Sino-Ocean chairman Luo Dongjiang (centre) celebrates with his co-workers at the company’s IPO
Regional financial markets may be regaining their trust in China’s real estate developers, as Sino-Ocean Land successfully priced a $1.2 billion dual-tranche bond yesterday.
The Beijing-based builder raised a $700 million five-year note as well as a $500 million 12-year note, according to story today in FinanceAsia.
The successful bond sale by the state-owned subsidiary of Chinese shipping giant, COSCO, is the first debenture sale by a Chinese developer since Shenzhen-based Kaisa Holdings defaulted on a $51.6 million loan on December 31st. Kaisa has subsequently failed to make an interest payment on a $500 million bond this month, as well as on a trust product obligation.
Sino-Ocean Breaks the China Bond Drought
After China’s domestic banks became more reluctant to lend to property developers in the last two years, the international bond markets became more important to the credit-hungry industry.
According to a story in the Financial Times, Chinese real estate companies raised $5.3 billion in US dollar bonds during the first three weeks of 2013 and $4.9 billion during the same period last year.
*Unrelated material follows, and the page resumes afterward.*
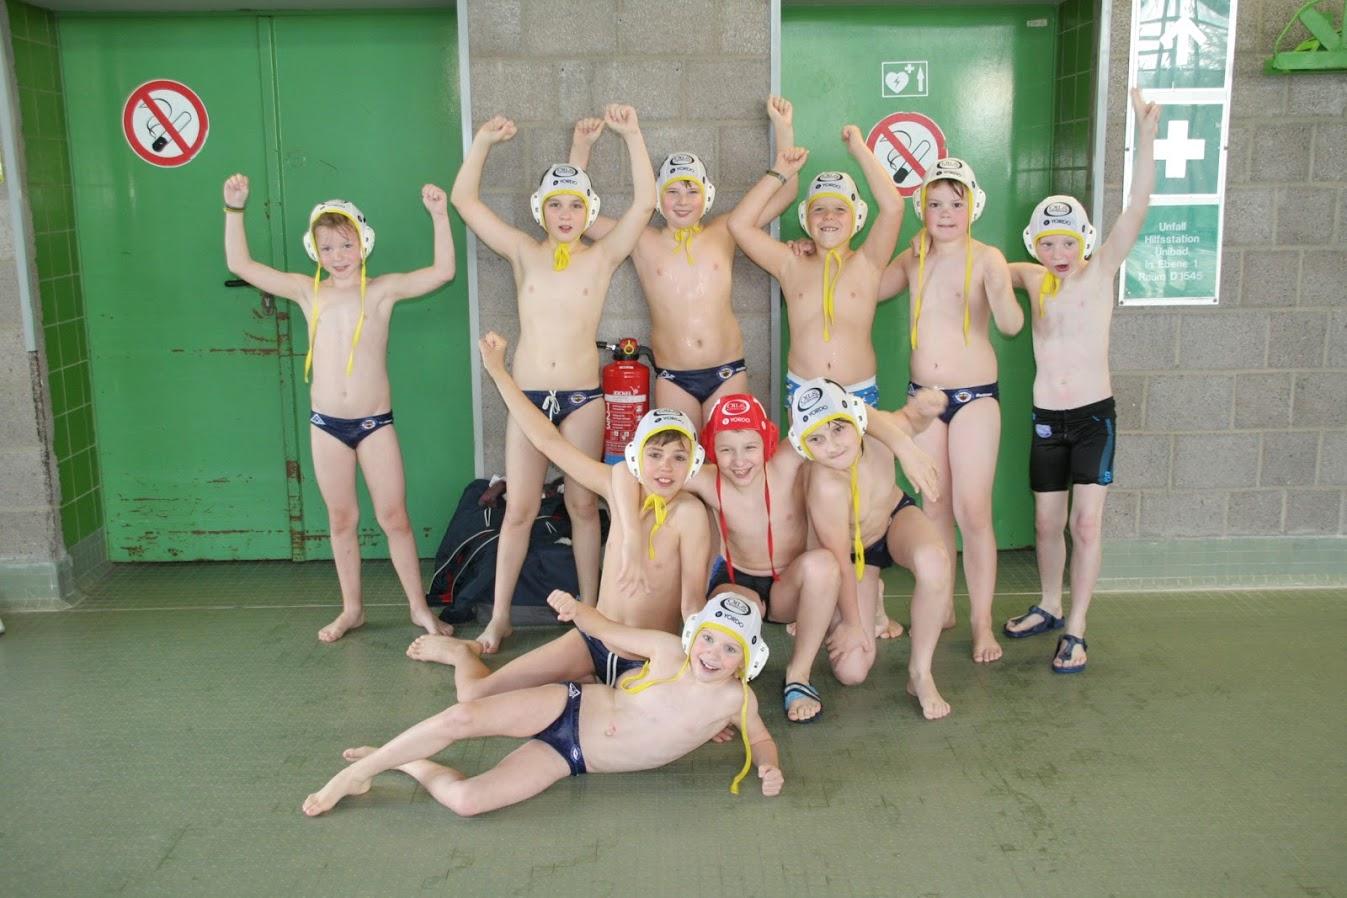 U10 Wasserballjugend Dominiert Mini-Liga

For 2015, the Chinese core industry had raised $0 on the international bond markets until yesterday.
Sino-Ocean is seen as being able to break through both because of its strong state-backing through COSCO, and because of a revival in investor confidence that Kaisa bond-holders may be repaid and that the industry as a whole is not in danger.
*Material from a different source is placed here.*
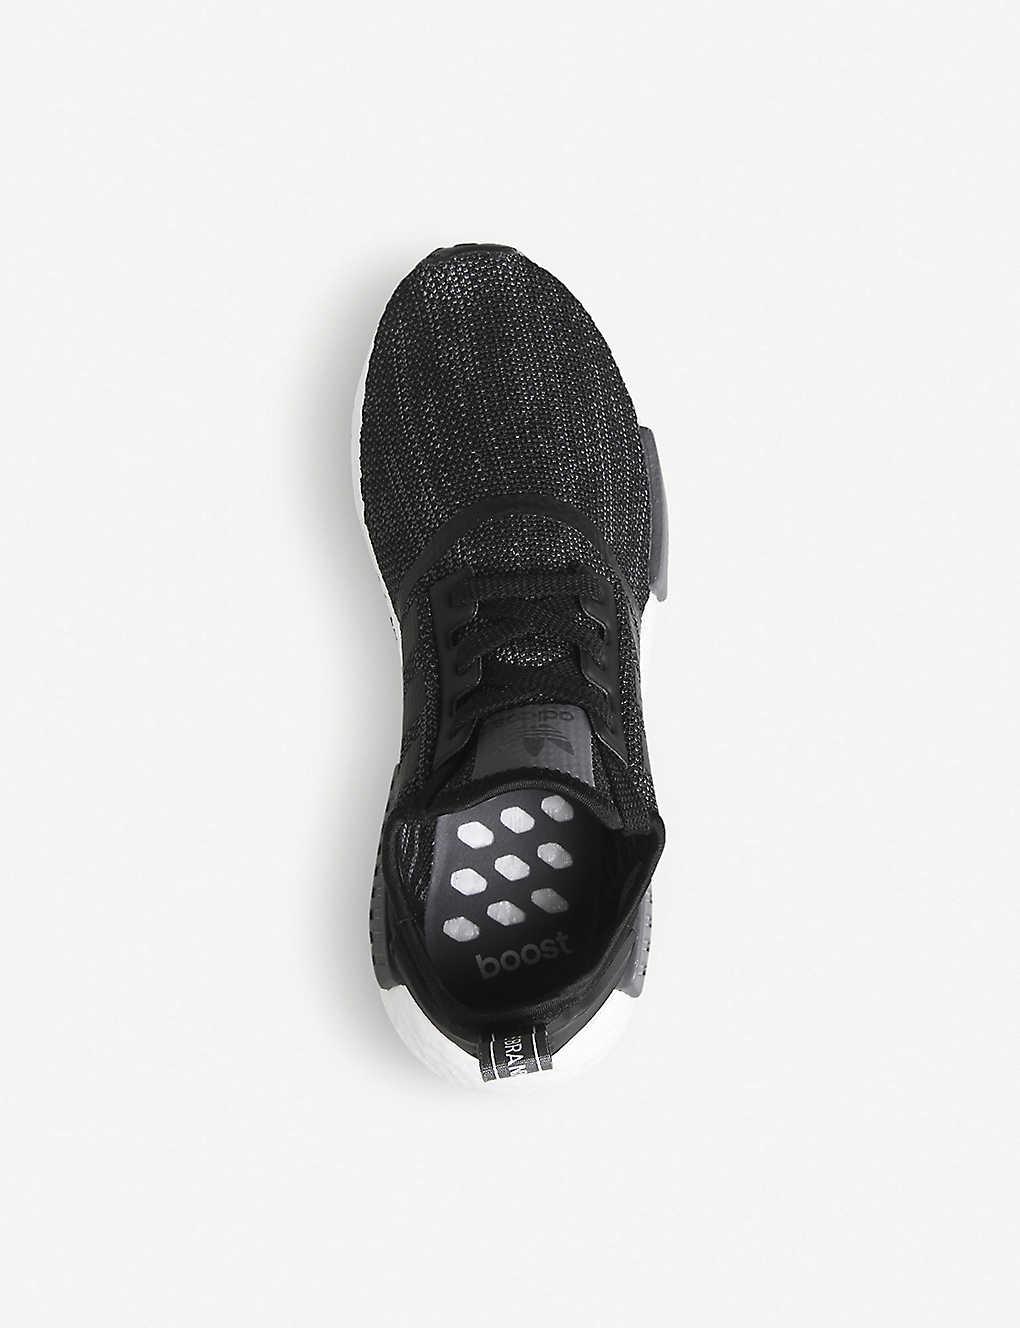 81cedd0a3a523 ... NMD R1 Primeknit trainers - Core black grey ...

Goldman Sachs Confident in Chinese Developer Debt
Some financial managers see the widespread concern over the viability of Chinese developer debt as a profit opportunity.
“It is actually creating really some attractive buying opportunities in good-quality assets that are being thrown out with the bad,” said Philip Moffitt, head of Asia-Pacific fixed-income at Goldman Sachs Asset Management, said in an interview published in Bloomberg today.
Moffitt added that, “The situation in the property market is precarious, but that isn’t a new phenomenon.”
Even Kaisa’s debt has recovered as reports spread that the Shenzhen government is looking for investors to take over the company. Some of the developer’s bonds were trading yesterday at 63.7 cents after sinking as low as 26.3 cents earlier in the month.
Kaisa Struggles to Sort Itself Out by February 9th
Confidence in Chinese developer debt could fall once again, however, should Kaisa fail to meet its bond obligations by February 9th, when the 30-day grace period on its January 8th default expires.
This week Sunac chairman Sun Hongbin, whose attempted merger with Greentown failed last year, declared himself the leading candidate to take over the troubled developer. Shenzhen Overseas Chinese Town and China Vanke are also said to be in the running. However, an unconfirmed report this week indicated that the Shenzhen authorities were unrelenting in their shutdown of sales at four of Kaisa’s projects.
While Kaisa did announce this week that it has hired a financial advisor to assist in restructuring its debt, the most important voice regarding the developer’s fate – the Shenzhen government – has so far remained silent.